Justice of the Supreme Court of Nigeria
- Incumbent
- Assumed office 26 February 2024
- Appointed by: Bola Tinubu

Personal details
- Born: 23 November 1959 (age 66) Nigeria
- Education: Ahmadu Bello University Nigerian Law School
- Occupation: Jurist

= Haruna Tsammani =

Nigerian jurist (born 1959)

Haruna Simon Tsammani (born 23 November 1959) is a Nigerian jurist who has served as a Justice of the Supreme Court of Nigeria since February 2024. He previously sat on the Court of Appeal, where in 2023 he chaired the Presidential Election Petition Court that heard the challenges to the election of President Bola Tinubu.

== Early life and education ==
Tsammani was born on 23 November 1959 and is a native of Tafawa Balewa Local Government Area of Bauchi State. He obtained a Bachelor of Laws degree from Ahmadu Bello University, Zaria, in 1982 and attended the Nigerian Law School in Lagos, being called to the Nigerian Bar in 1983.

== Legal and judicial career ==
Tsammani began practice in 1983 as a pupil state counsel in the Bauchi State Ministry of Justice, and later served as Director of Public Prosecutions in the Gombe State Ministry of Justice.

He was appointed a judge of the High Court of Bauchi State on 17 September 1998 and was elevated to the Court of Appeal on 16 July 2010, later ranking eleventh on that court's seniority list.

In 2021 he chaired the three-member Court of Appeal panel that restrained the Rivers State and Lagos State governments from collecting value-added tax, a ruling that favoured the Federal Inland Revenue Service and attracted considerable public debate.

== Presidential Election Petition Court, 2023 ==
In May 2023 Tsammani was named to chair the five-member Presidential Election Petition Court constituted to hear petitions against the outcome of the 2023 Nigerian presidential election; the other members were Stephen Adah, Monsurat Bolaji-Yusuf, Boluokuromo Ugo and Abba Mohammed.

At the court's inaugural sitting Tsammani asked counsel to avoid sensational comments and to address the substance of the petitions rather than procedural technicalities, and said the body should be referred to as a court rather than a tribunal.

The court delivered judgment on 6 September 2023 after a sitting lasting some thirteen hours, unanimously dismissing the consolidated petitions brought by Atiku Abubakar of the Peoples Democratic Party, Peter Obi of the Labour Party and the Allied Peoples Movement, and affirming Tinubu's return by the Independent National Electoral Commission.

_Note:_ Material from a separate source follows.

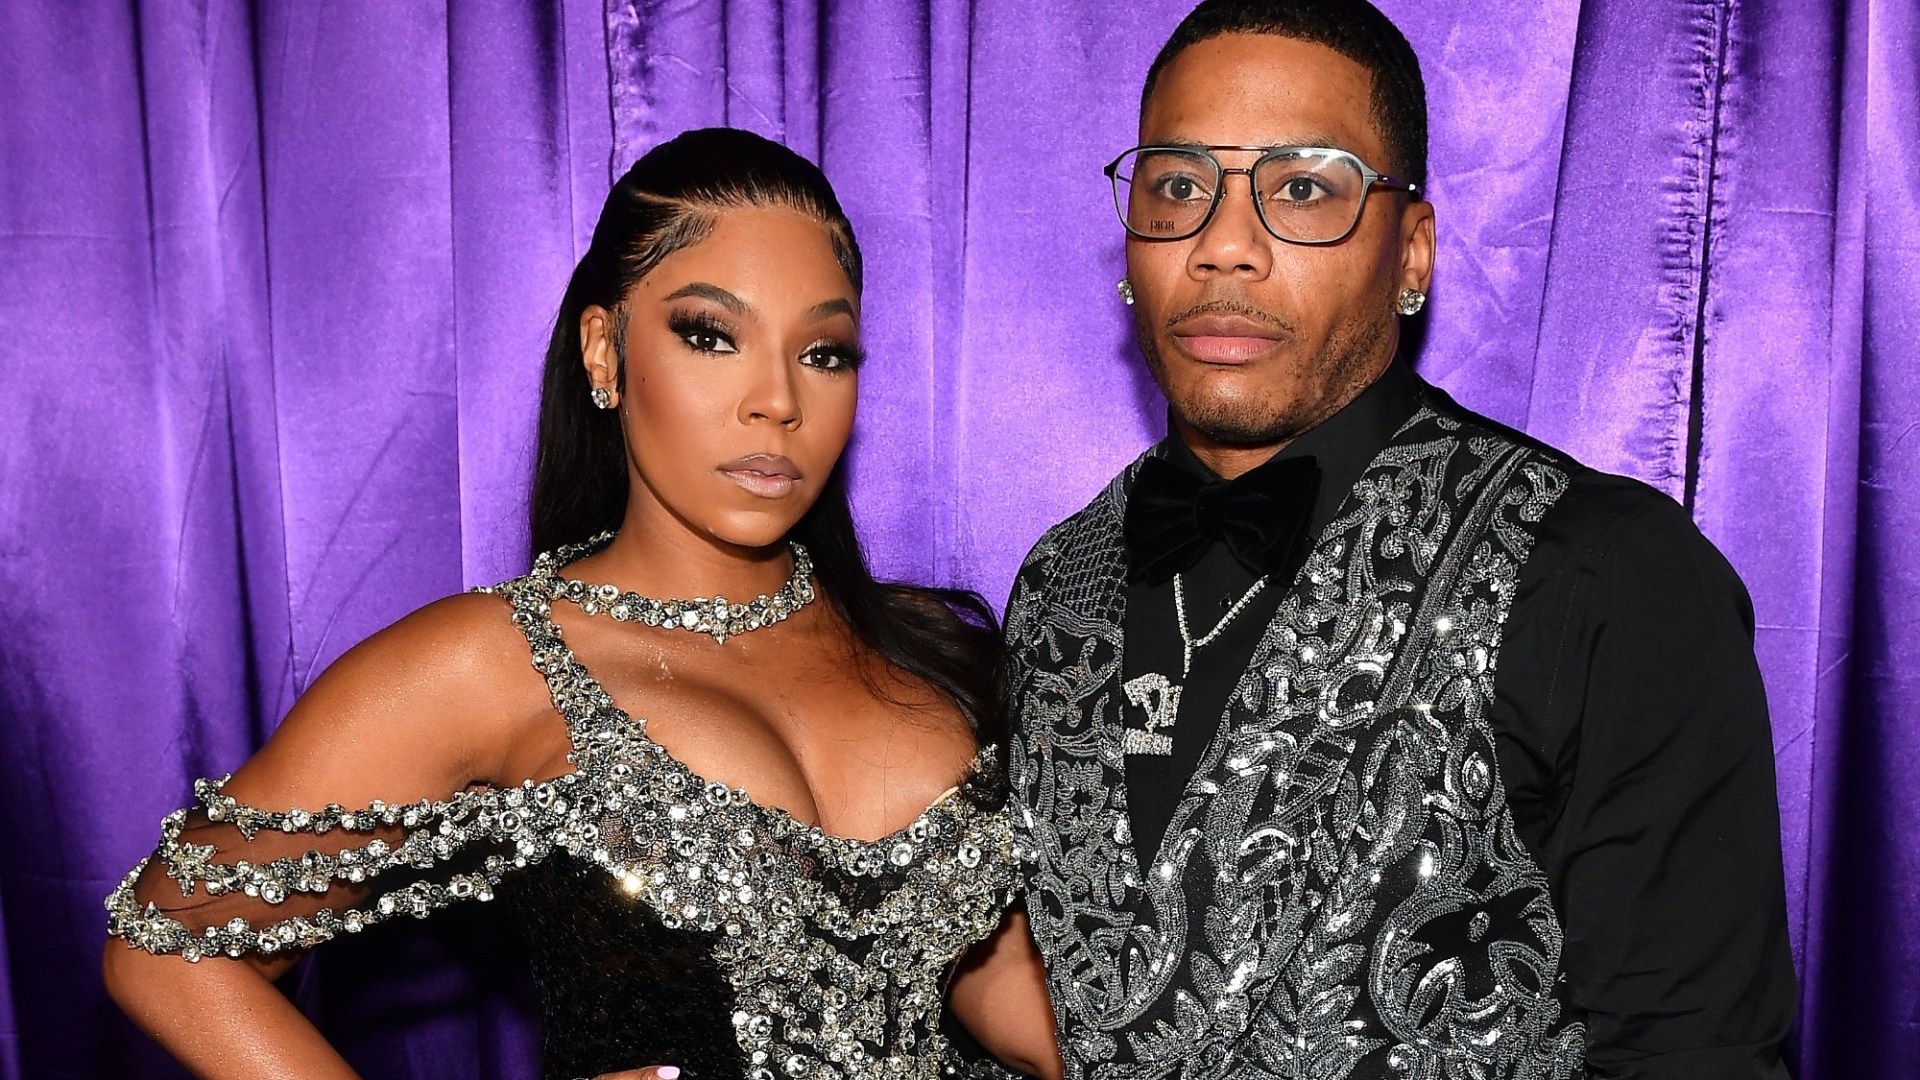 Are Ashanti and Nelly engaged, and do they have children together?
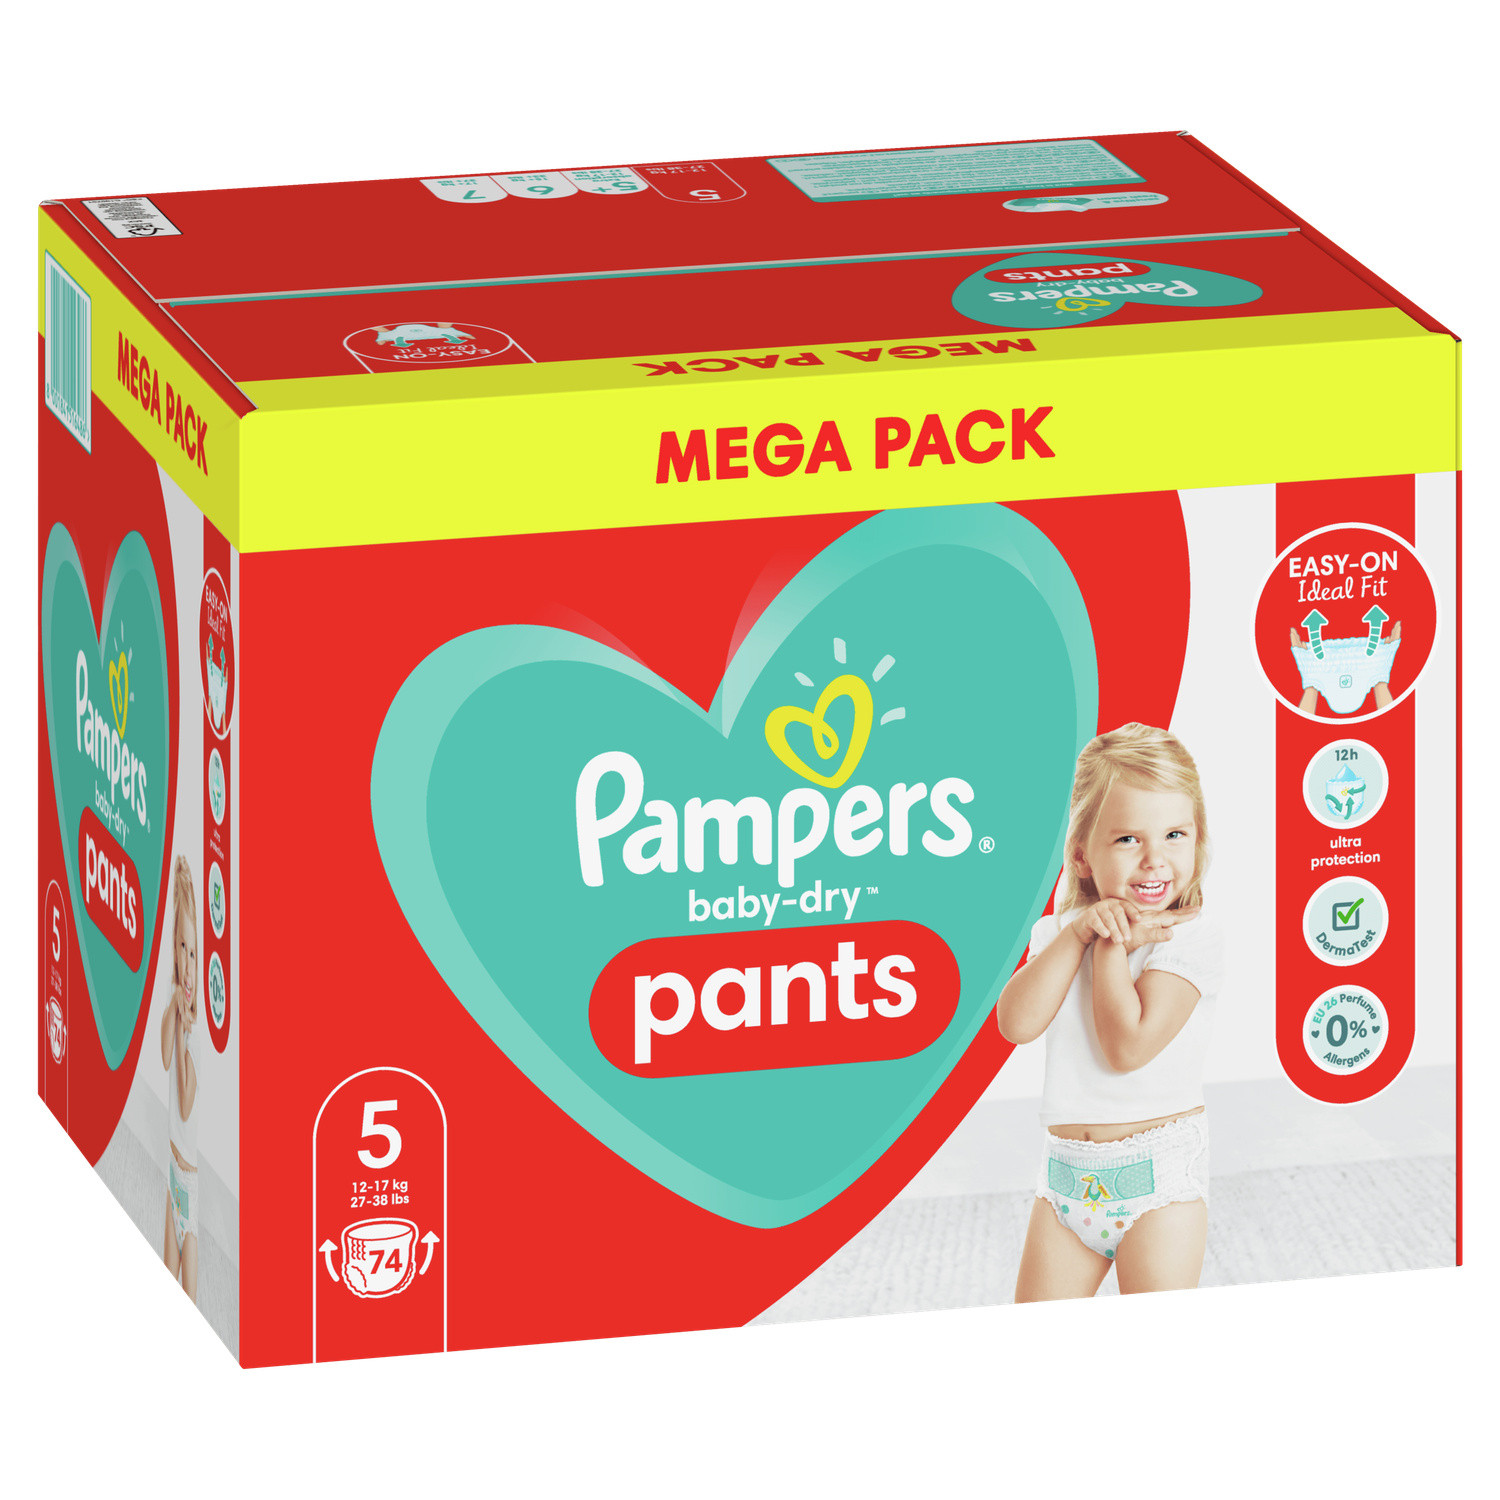 Pampers Couches culottes Baby-Dry Pants Night taille 5 12-17 kg

Among its findings, the court held that the Federal Capital Territory was not to be treated differently from the states for the purpose of the constitutional vote requirement, and that the electoral commission was at liberty to determine its mode of transmitting results.

The judgment was appealed. In October 2023 a seven-member panel of the Supreme Court led by Justice Inyang Okoro dismissed the appeals of Atiku Abubakar and Peter Obi and affirmed the decision of the court below.

== Supreme Court ==
In February 2024 the Federal Judicial Service Commission listed Tsammani, described as chairman of the by then defunct Presidential Election Petitions Court, among twenty-two Court of Appeal justices nominated for elevation to the Supreme Court. The National Judicial Council had recommended eleven justices, including Tsammani, at its meeting of 6 December 2023.

The Senate confirmed the appointments on 21 December 2023. Tsammani was sworn in by Chief Justice Olukayode Ariwoola on 26 February 2024. The appointments brought the Supreme Court to its full constitutional complement of twenty-one justices.